Il suo paese cambia nome: da Pontecchio si trasforma in Pontecchio Marconi. Il suo comune oggi si chiama Sasso Marconi. L’aeroporto di Bologna è stato dedicato alla sua persona. Le trasmissioni senza fili (wireless) nascono a dicembre a meno di 30 km da ove vi scrivo e ne sono orgoglioso. Col tempo, naturalmente, Guglielmo Marconi prosegue i suoi studi e il telegrafo senza fili aumenta il suo raggio d’azione diventando transoceanico, si passa alla costruzione della radio.

La radio.

 

Marconi e il fascismo

Facciamo un altro balzo temporale nel nostro racconto.

Siamo nell’anno XV dell’era fascista. In Italia la camicia più venduta è quella nera, ed è meglio che tu ne possieda almeno una in casa e che la tenga da conto. Guglielmo Marconi fa la spola tra l’Inghilterra e l’Italia con puntate anche negli Stati Uniti.

Ha poco meno di sessant’anni ed è uno scienziato tra i più noti ed apprezzati al mondo. Non è simpaticissimo al regime per via dei suoi frequenti spostamenti all’estero, ma è una personalità riconosciuta in tutto il mondo e non si può reprimere la sua libertà di pensiero e di movimento.

Guglielmo vuol bene alla sua terra. Vuole che Bologna abbia la sua stazione radio che possa trasmettere un segnale sulla città e coi ripetitori, magari, rispedirlo in giro per il mondo. La radio avvicina.

1936 a.D. – Budrio, provincia di Bologna. Su indicazione di Guglielmo Marconi nasce un piccolo edificio chiamato Radio Marconi, di proprietà dell’EIAR. L’EIAR diventerà successivamente RAI, la palazzina resterà come esempio di una bellissima architettura fascista nella campagna bolognese.

 

Un passato che non esiste più

Veniamo ad un passato molto più prossimo.

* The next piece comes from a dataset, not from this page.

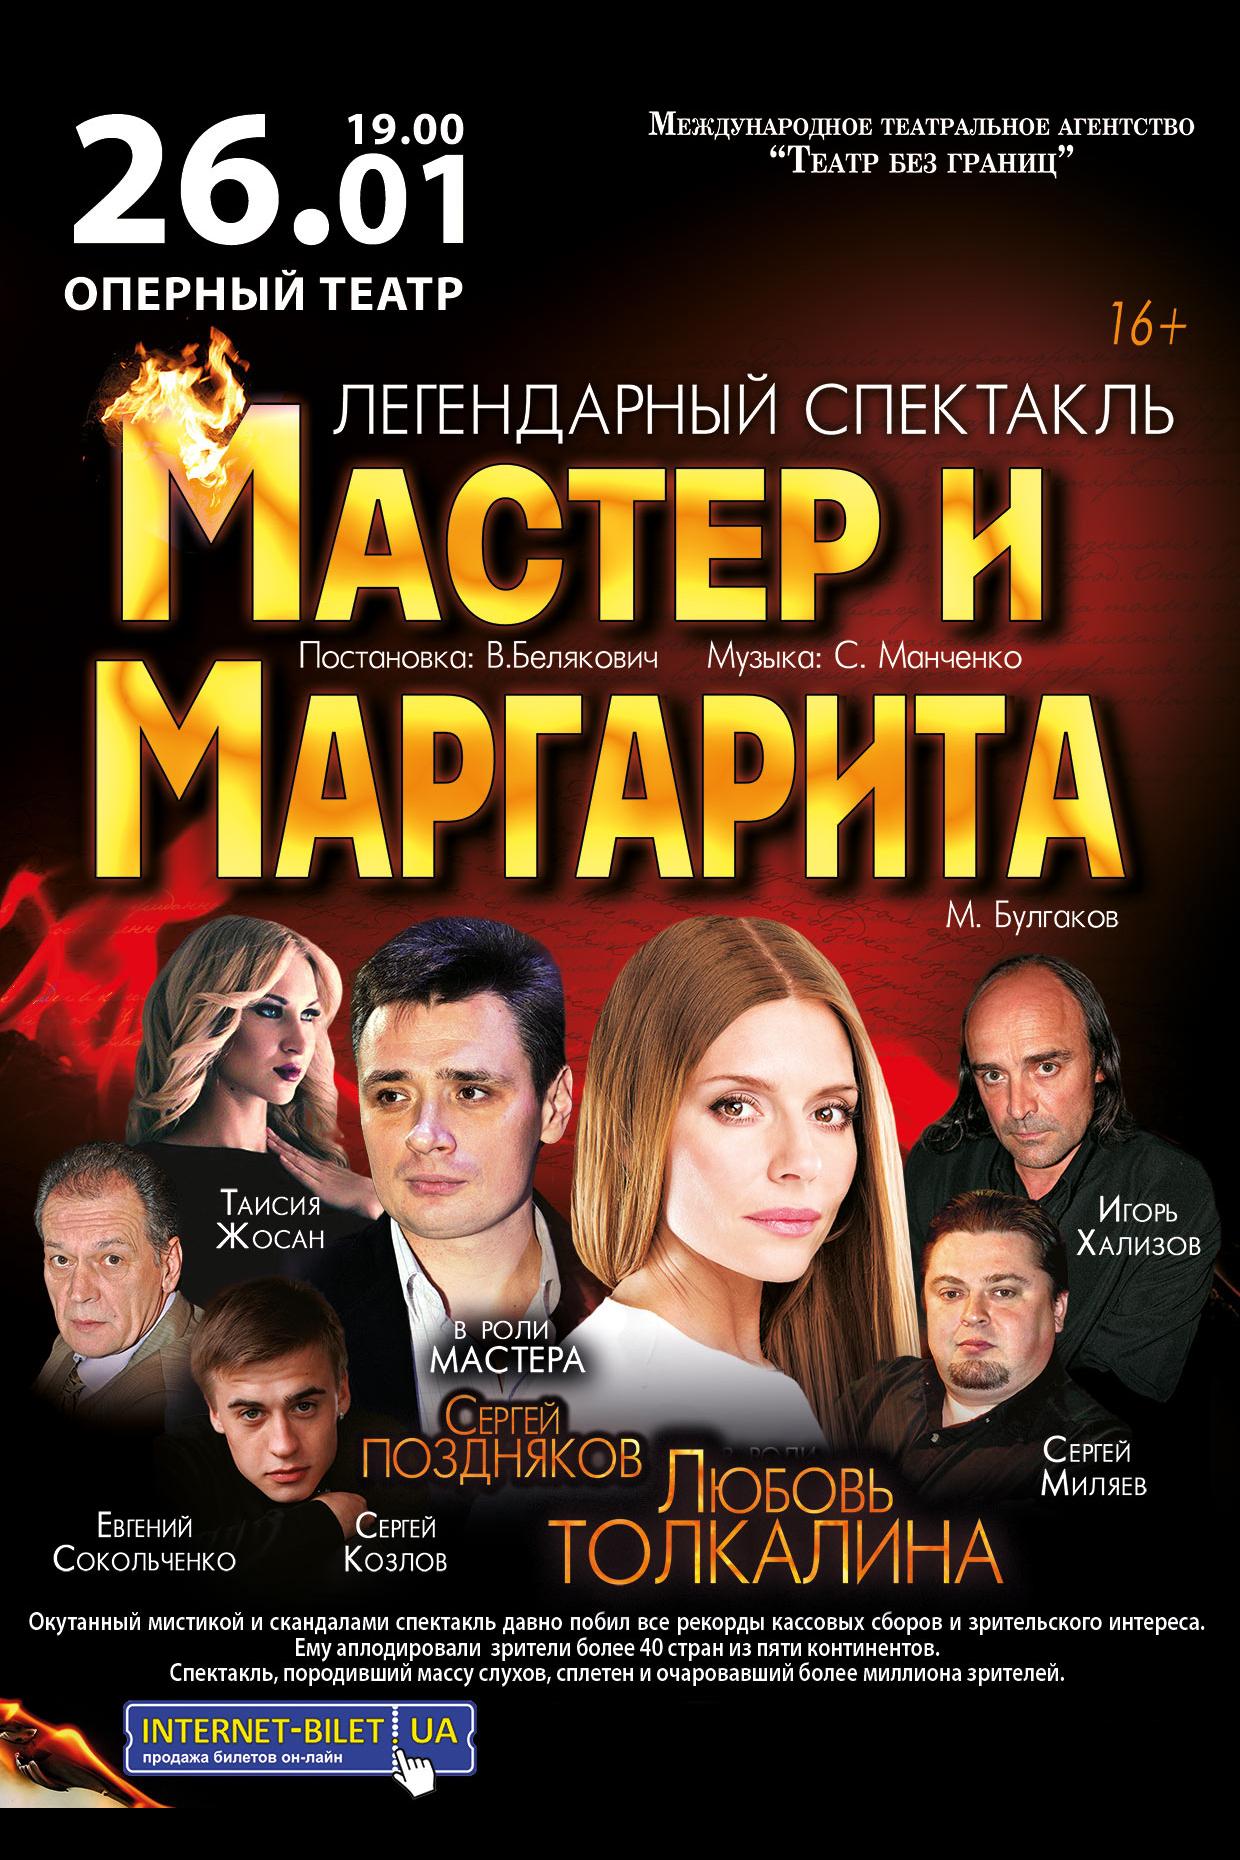 Билеты в театр на мастер и маргарита купить билеты на цирк дю солей официальный сайт купить билет

Guglielmo non è eterno e non c’è più. Ci sono però le sue intuizioni.
Vivono in molte, moltissime delle cose che usiamo quotidianamente. Ho in mano un mouse senza filo che comunica con un pc collegato ad internet tramite wi-fi e non mi dilungo. Fatelo voi questo giochino.

Il fatto che una persona di questa terra ha studiato, pensato, realizzato la base per eliminare la variabile spazio dalle nostre comunicazioni dovrebbe renderci orgogliosi almeno quanto i primi passi dell’uomo sulla Luna, invece…

Invece qualcuno ha pensato che demolire quella palazzina sarebbe stato più fruttuoso rispetto a lasciarla alla storia. Meglio un ipermercato dove vendere i proprio prodotti. O la fabbrica per ingrandirsi di un altro poco.

Ma poi c’è crisi e forse nemmeno si farà.
Oltre al danno la beffa.
Abbiamo tirato giù un pezzo di storia per… niente.

In compenso teniamo edifici fatiscenti in centro storico perché un piano regolatore ci impone di non aprire le finestre dove servirebbero, etc.

Che cosa aggiungere?
Aggiungo che ne ha parlato solo questo giornale e me ne dispiace molto. Non ne è stata data notizia.

Vi lascio un sito dove potreste andare a spulciare un po’ d’informazioni sul luogo di questo racconto che, ahimè, non esiste più.

Ora ripetete ancora questo mantra con me:

Un Paese che ignora il proprio ieri, di cui non sa assolutamente nulla e non si cura di sapere nulla, non può avere un domani.